🤖 AI Summary
Current LLM-based Text-to-SQL approaches suffer from the absence of a unified taxonomic framework, limited cross-model comparability, and insufficient generalization and robustness. To address these issues, this paper proposes the first two-dimensional taxonomy for LLM-based Text-to-SQL methods: one dimension classifies techniques into prompt engineering and parameter fine-tuning; the other categorizes objectives as structure-aware parsing, execution-guided generation, and feedback-enhanced refinement. We systematically synthesize empirical results across major benchmarks—including Spider and WikiSQL—and models such as Codex, LLaMA, and GPT series. Through rigorous literature analysis, methodological abstraction, and cross-method performance comparison, we identify key determinants of prompt design efficacy, delineate the practical boundaries of fine-tuning strategies, and diagnose persistent generalization bottlenecks. Our synthesis distills recurring patterns and evolutionary trends, offering both theoretical foundations and actionable guidelines for developing efficient, robust, and interpretable Text-to-SQL systems.
📝 Abstract
With the development of the Large Language Models (LLMs), a large range of LLM-based Text-to-SQL(Text2SQL) methods have emerged.

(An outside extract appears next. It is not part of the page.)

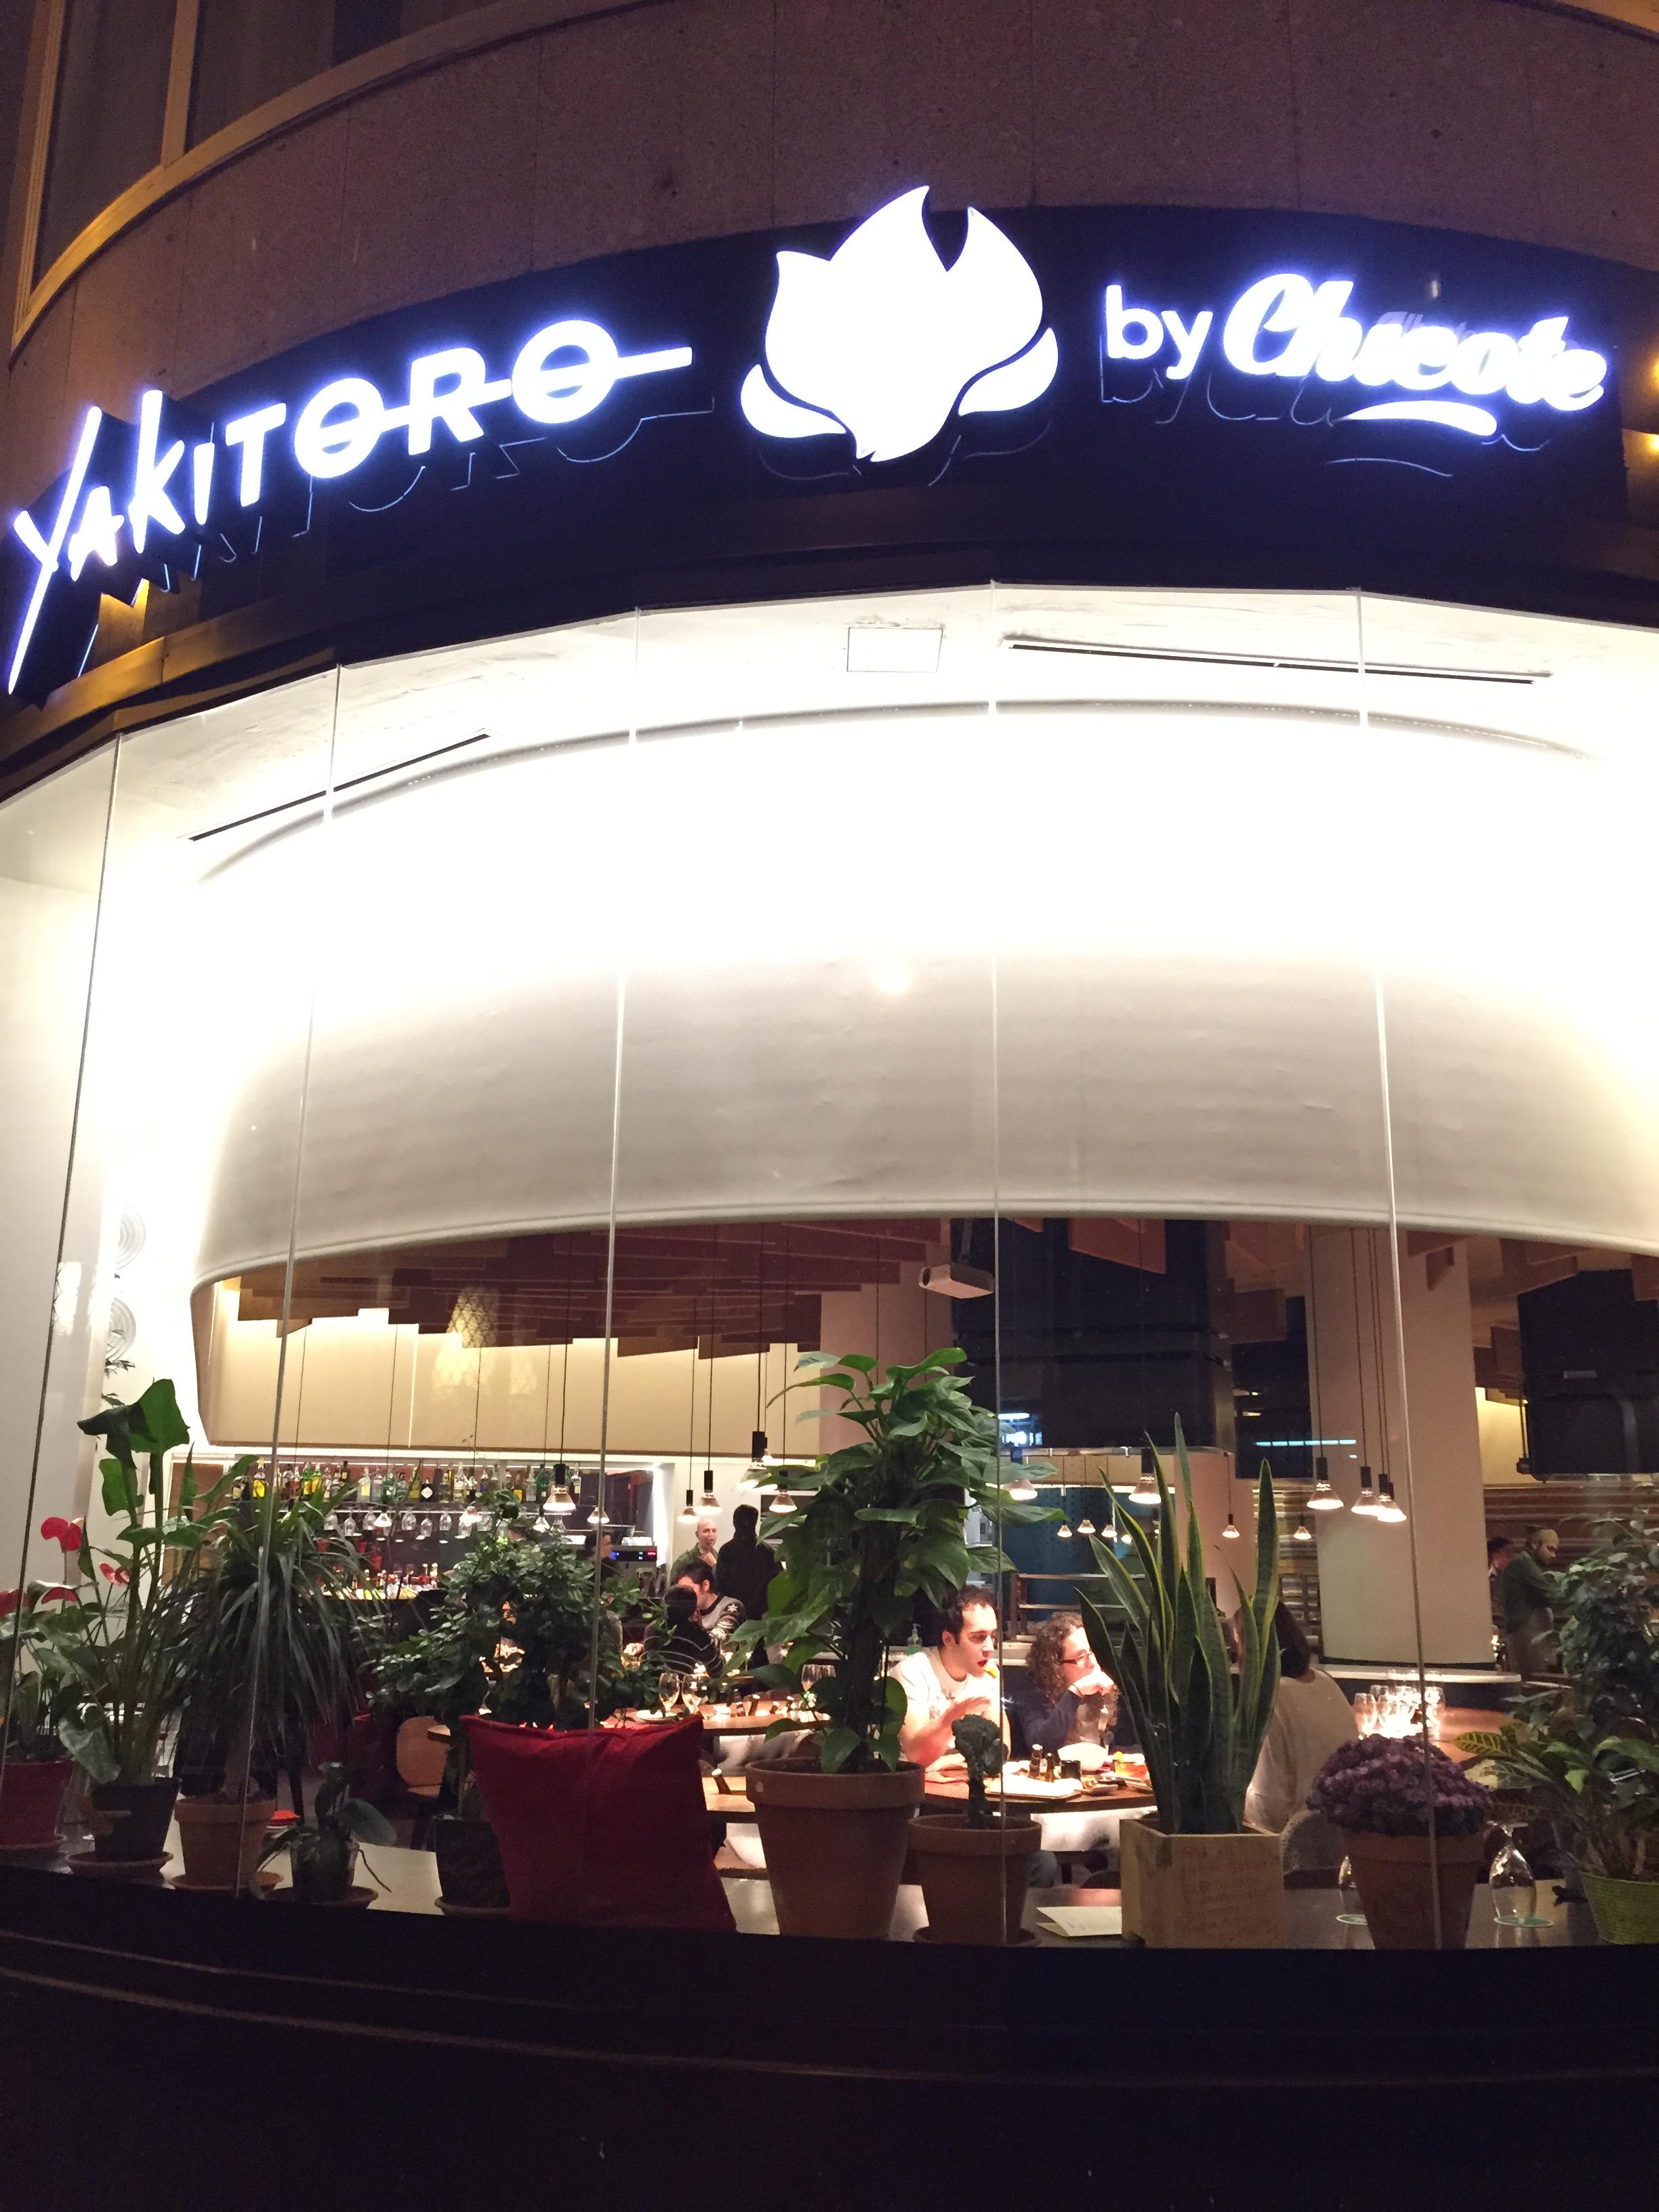 Yakitoro by chicote dime un restaurante - Restaurante singapur valencia ...
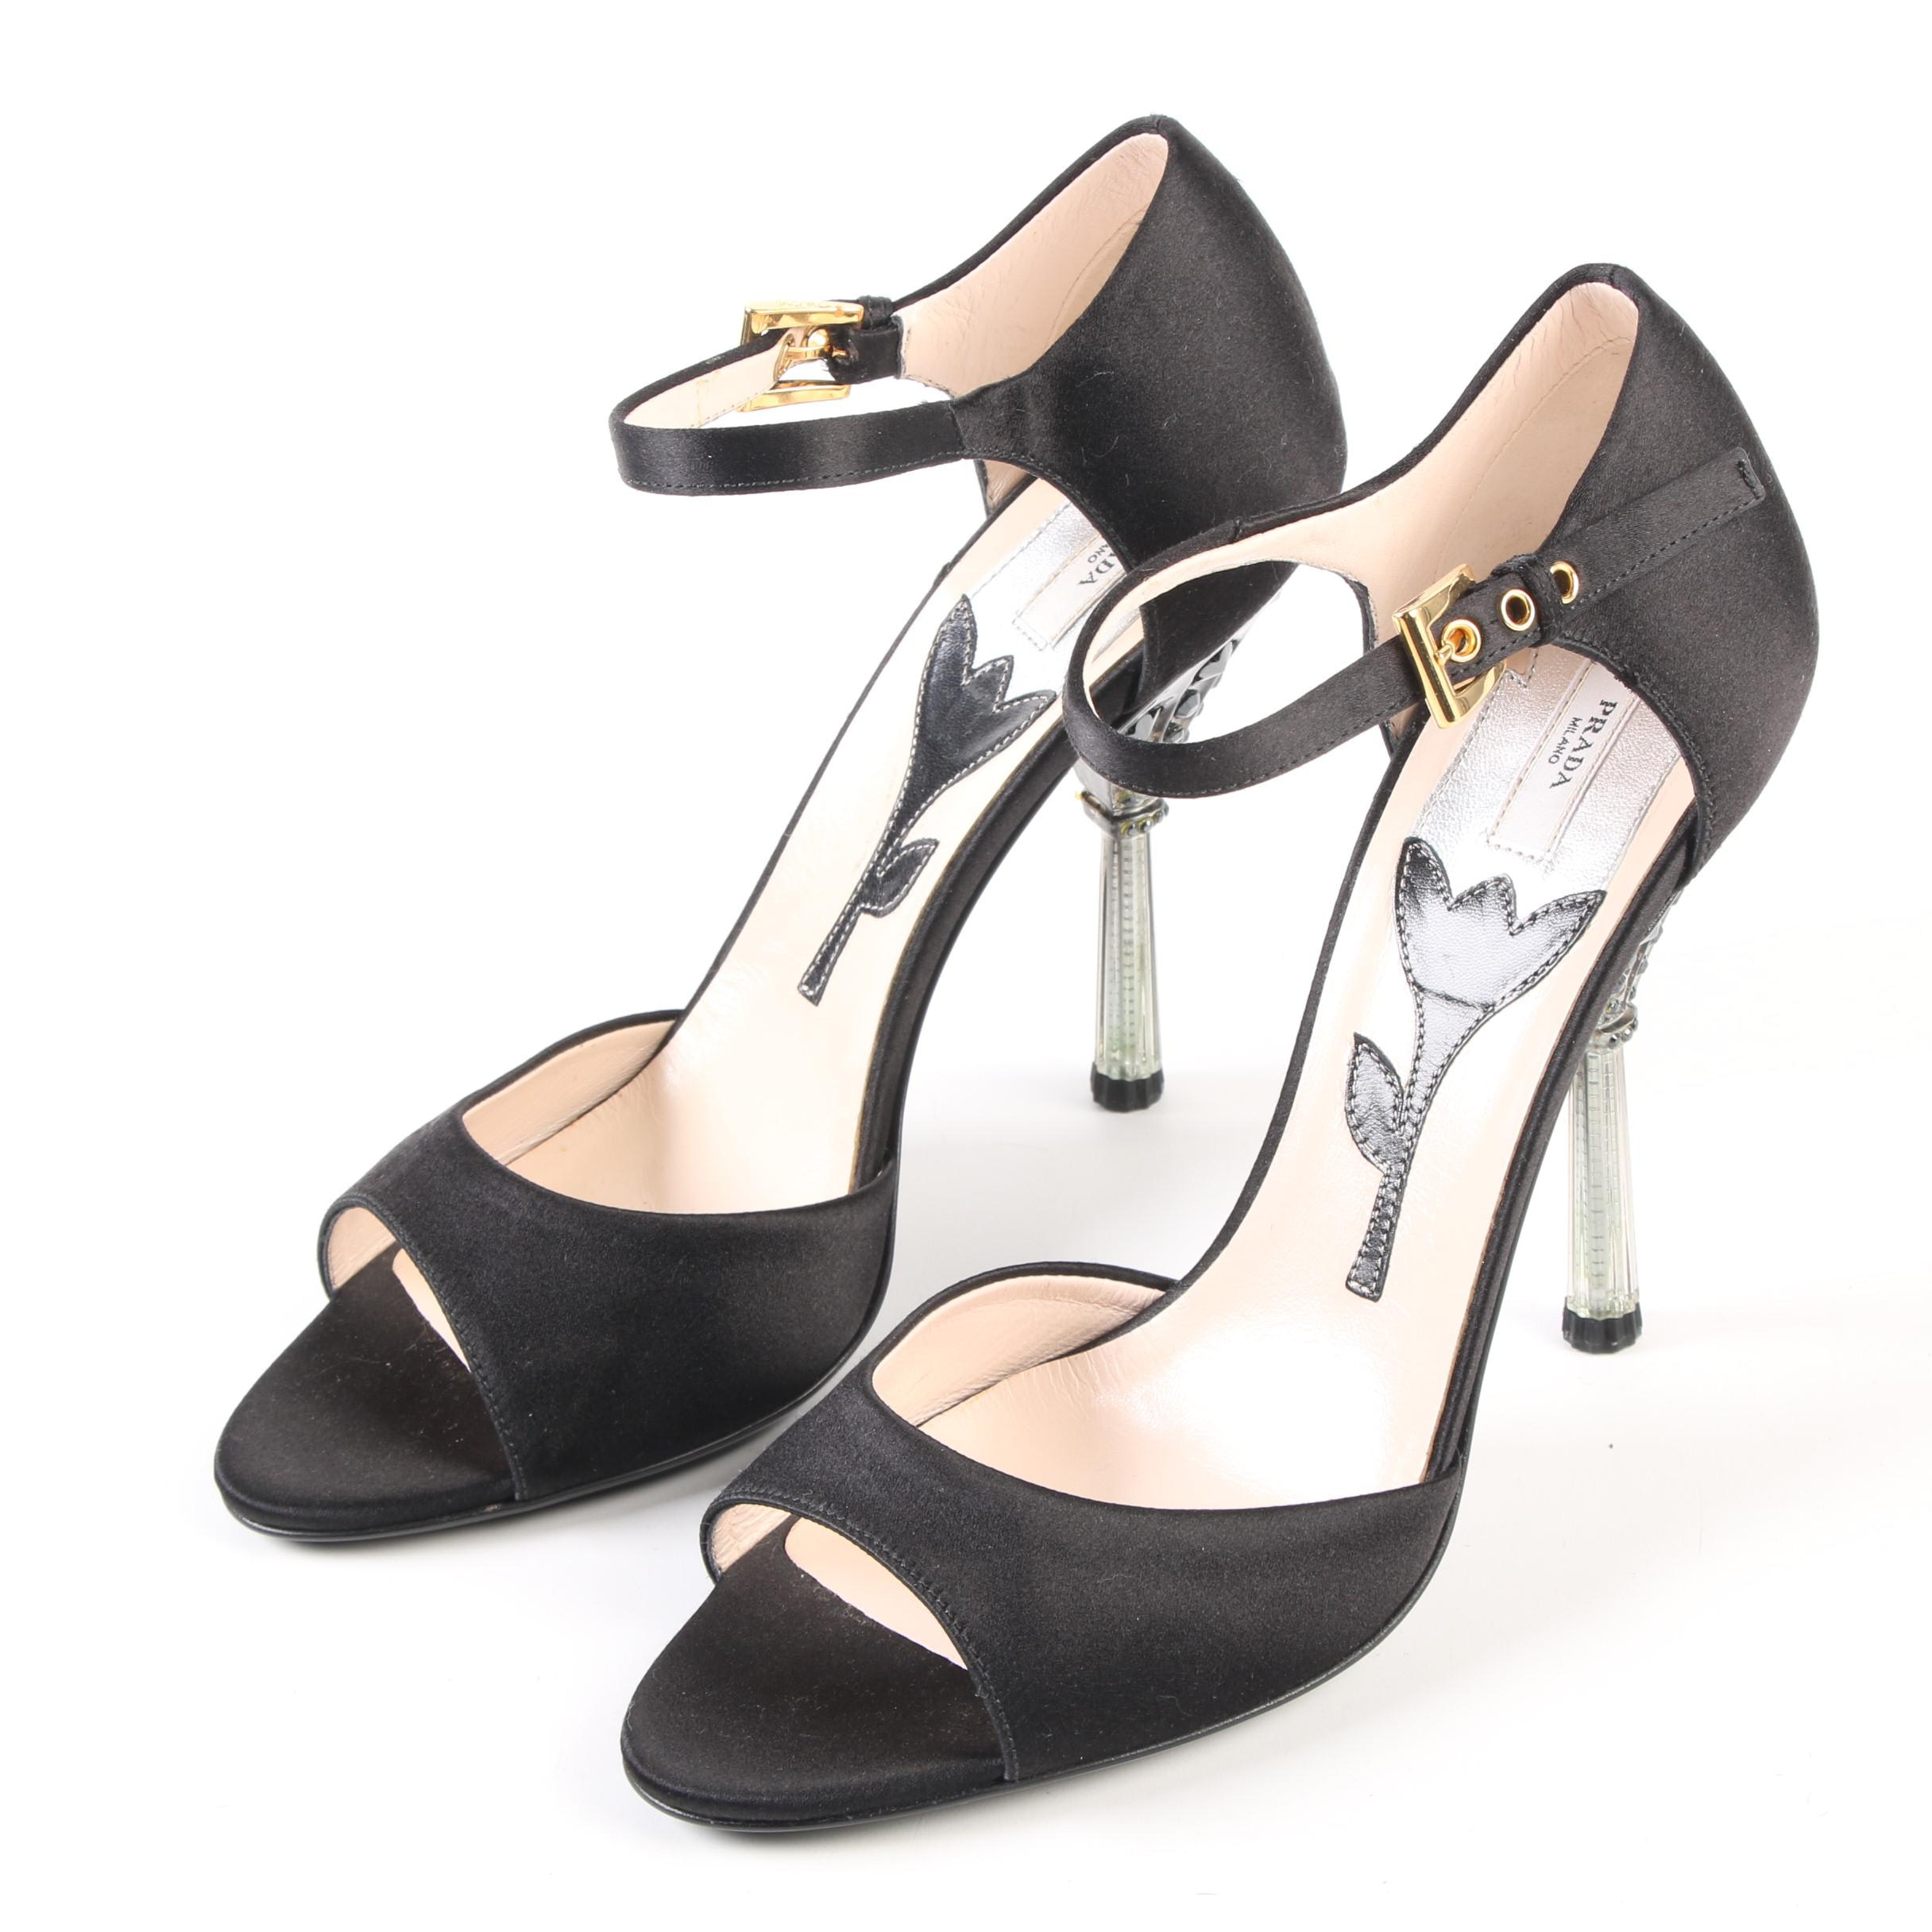 Prada Raso Jewels Black Satin Ankle Strap Open Toe Sandals with Embellished Heel

This survey provides a comprehensive review of LLM-based Text2SQL studies. We first enumerate classic benchmarks and evaluation metrics. For the two mainstream methods, prompt engineering and finetuning, we introduce a comprehensive taxonomy and offer practical insights into each subcategory. We present an overall analysis of the above methods and various models evaluated on well-known datasets and extract some characteristics. Finally, we discuss the challenges and future directions in this field.